Generally the shorebirds and waterbirds are categorised into various groups on the basis of their ecology and behaviour in which the wading birds are one of the major categories of shorebirds. In addition to that the wading birds are classified as two different groups on the basis of the length of their legs and other morphological and behavioural characteristics i.e. large wading (long legged) and small wading (small legged) birds. The wading birds are prominent predators in the coastal wetland habitats 11. The wading birds require proper water level and distribution of prey to fulfil their energetic demands 12. For instance the wading birds are using large home ranges it might be due to their energetic demands since they are travelling thousands of kilometre during their migration 13,14. The abundance and diversity of preys could reasonably influence the use of feeding grounds by wading birds and the density of prey also playing major role on the viability of wading bird population in the coastal wetlands 15,16,17,18. The wading birds are functioning as one of the top positions in the trophic structure of food pyramids in an aquatic ecosystem the shorebirds are regarded as a important functional components in the aquatic habitats 19. Due to their trophic status the wading birds are also considered as one of the significant indicators of the quality of the wetland habitats 20,21.

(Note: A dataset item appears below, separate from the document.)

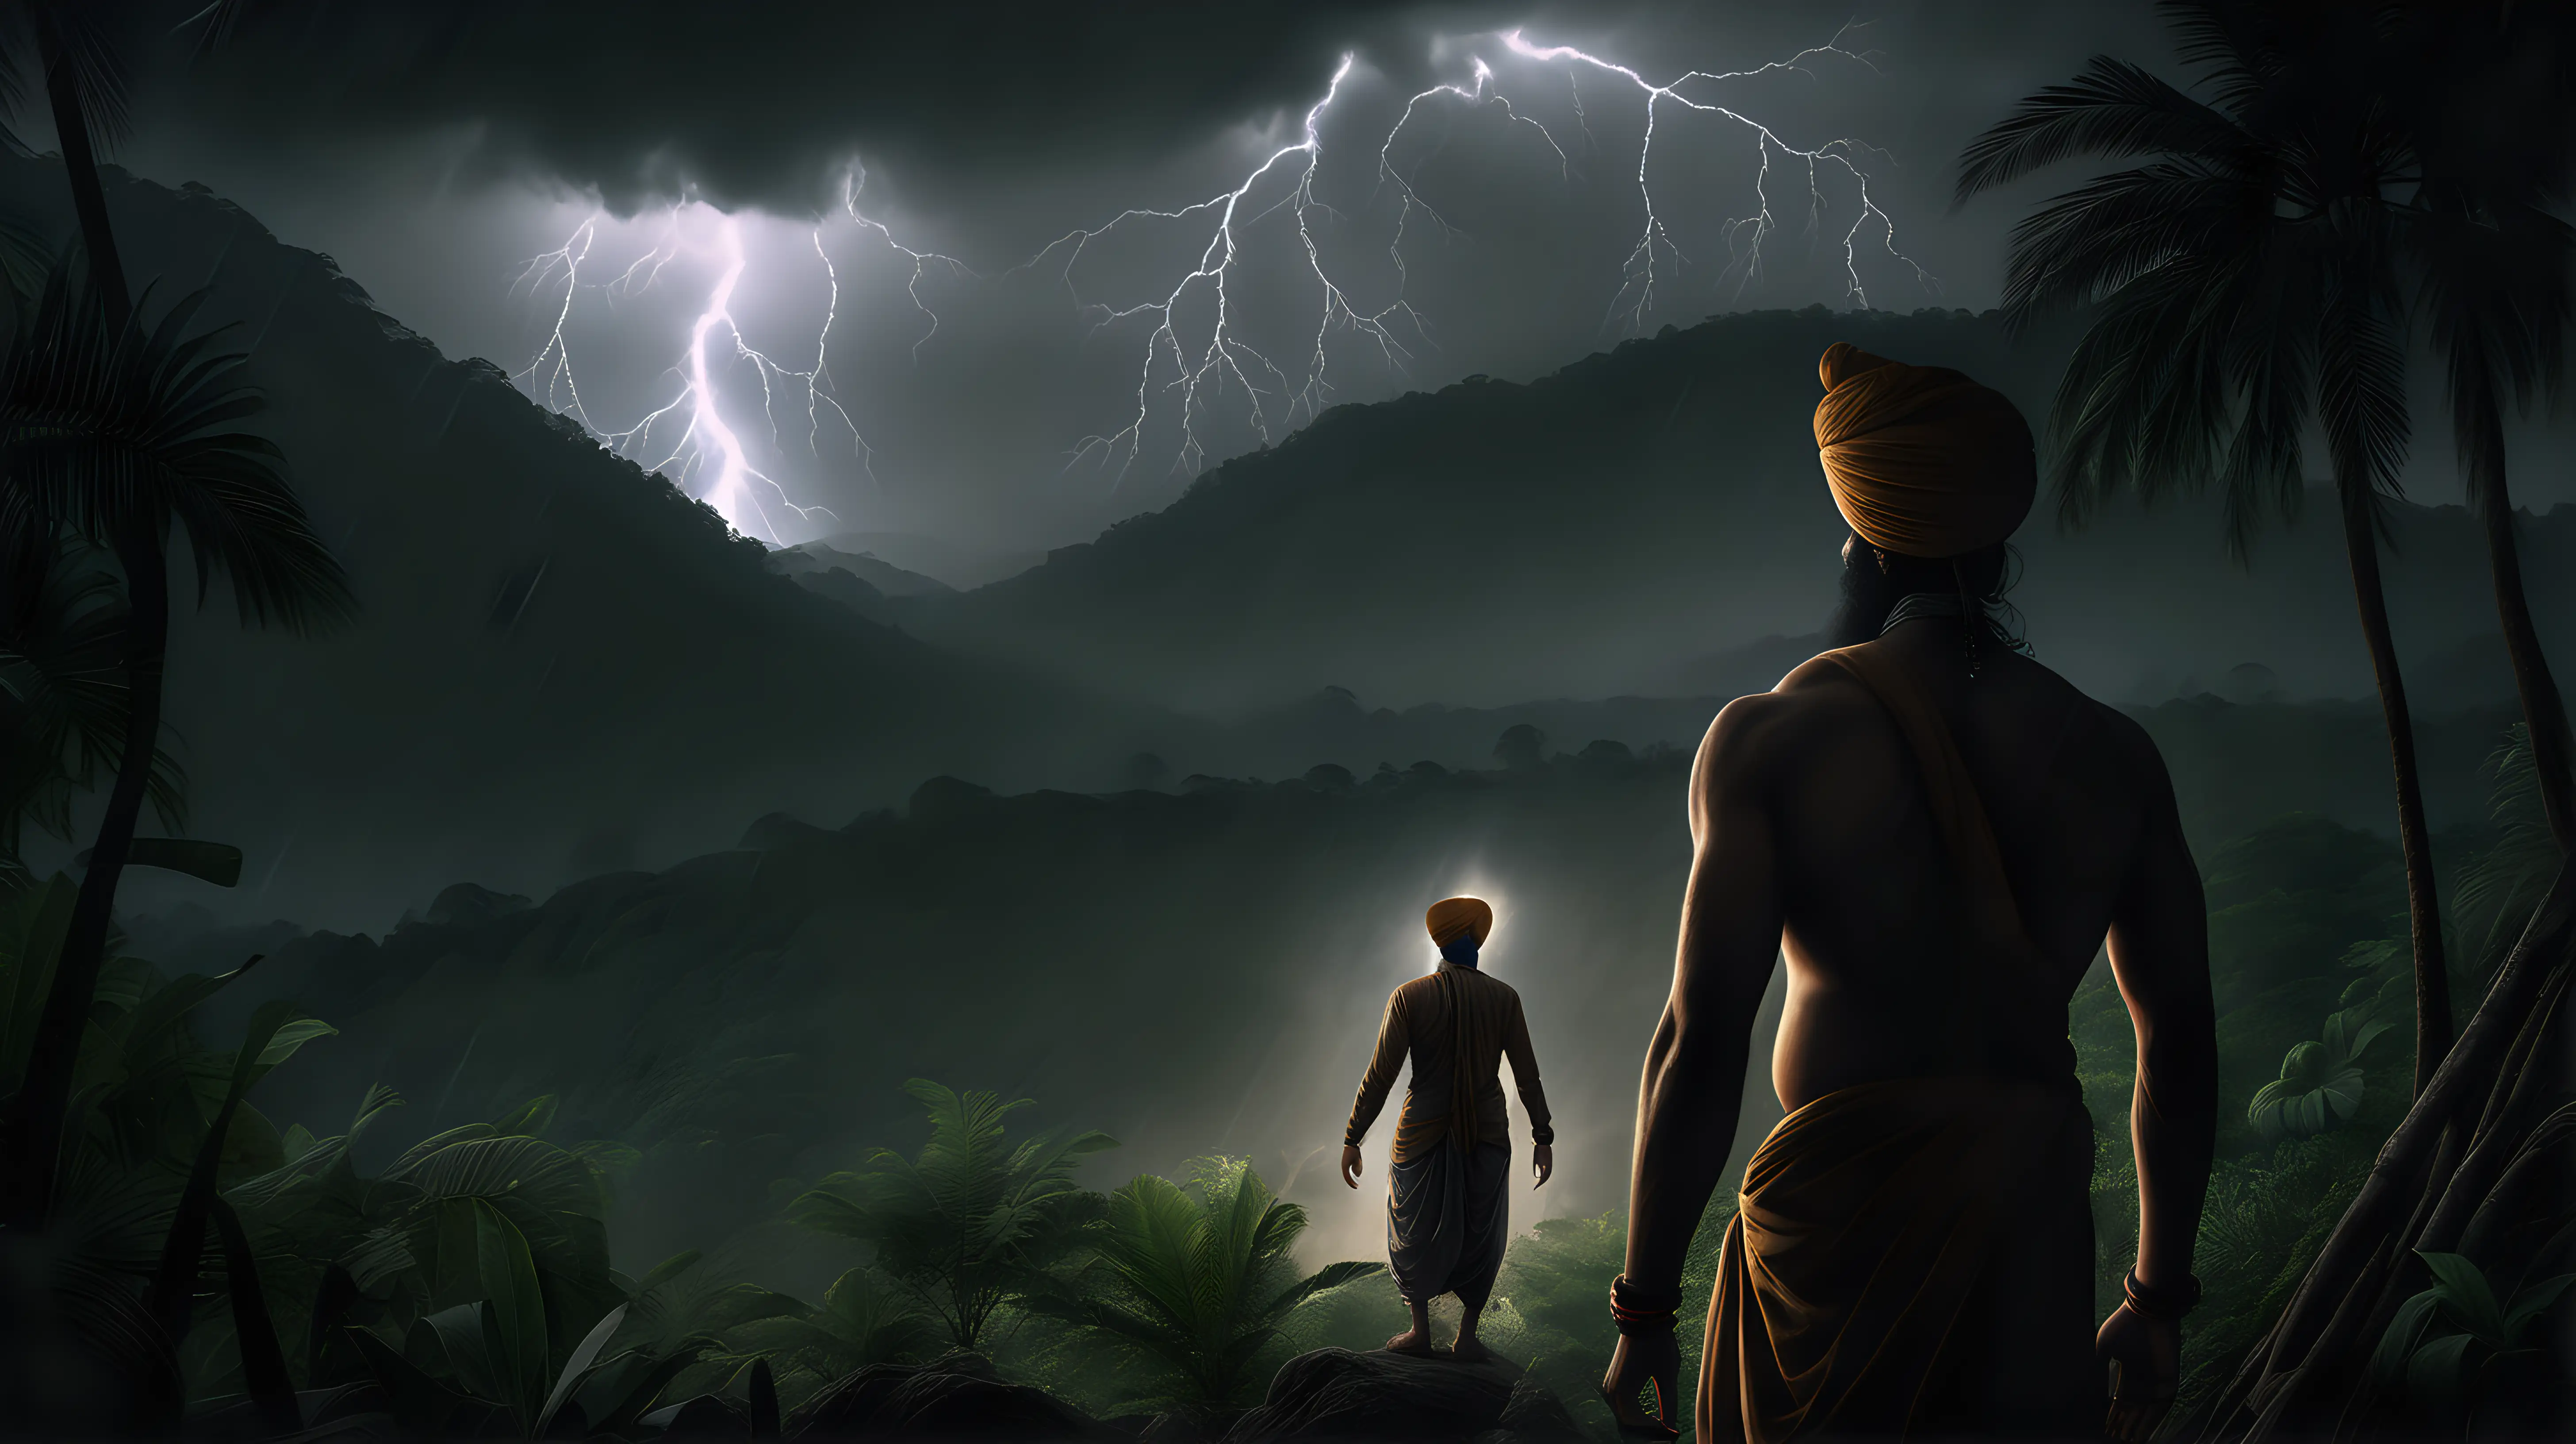 Sikh Man in Mystical Jungle V6 Digital Rendering with Chiaroscuro and Lightning

In this perspective the Pichavaram Mangrove Forest (PMF) is one of the vital wetlands in the east coast of southern India and the PMF is situated along the Central Asian Flyway routes of migratory shorebirds. The PMF is attracting several species of wading birds and the birds are using the PMF as a vital stop over sites during their migration since they are providing sufficient nutrient for the wading birds 22,23,24,25. The current study aimed to carry out the seasonal variations of population characteristics of small wading birds in the PMF and to suggest management recommendations and conservation wading birds visited PMF seasonally.
Study Area
The study was undertaken in the Pichavaram Mangrove Forest (PMF), which is situated at 11°23? to 11°30?N, and 79°45? to 79°50?E, India (Fig. 1). The total area of the PMF is 11 km2, in which 50% is tidally conquered, 40% has urban waterways and 10% is sheltered by tidal flats. The annual temperature of PMF is ranging from 18 to 36 °C 26. Annually several species of shorebirds were visiting the PMF 27. Various species of waterbirds were using the PMF as effective foraging grounds 27. PMF attracts rare and near-threatened shorebirds annually 28.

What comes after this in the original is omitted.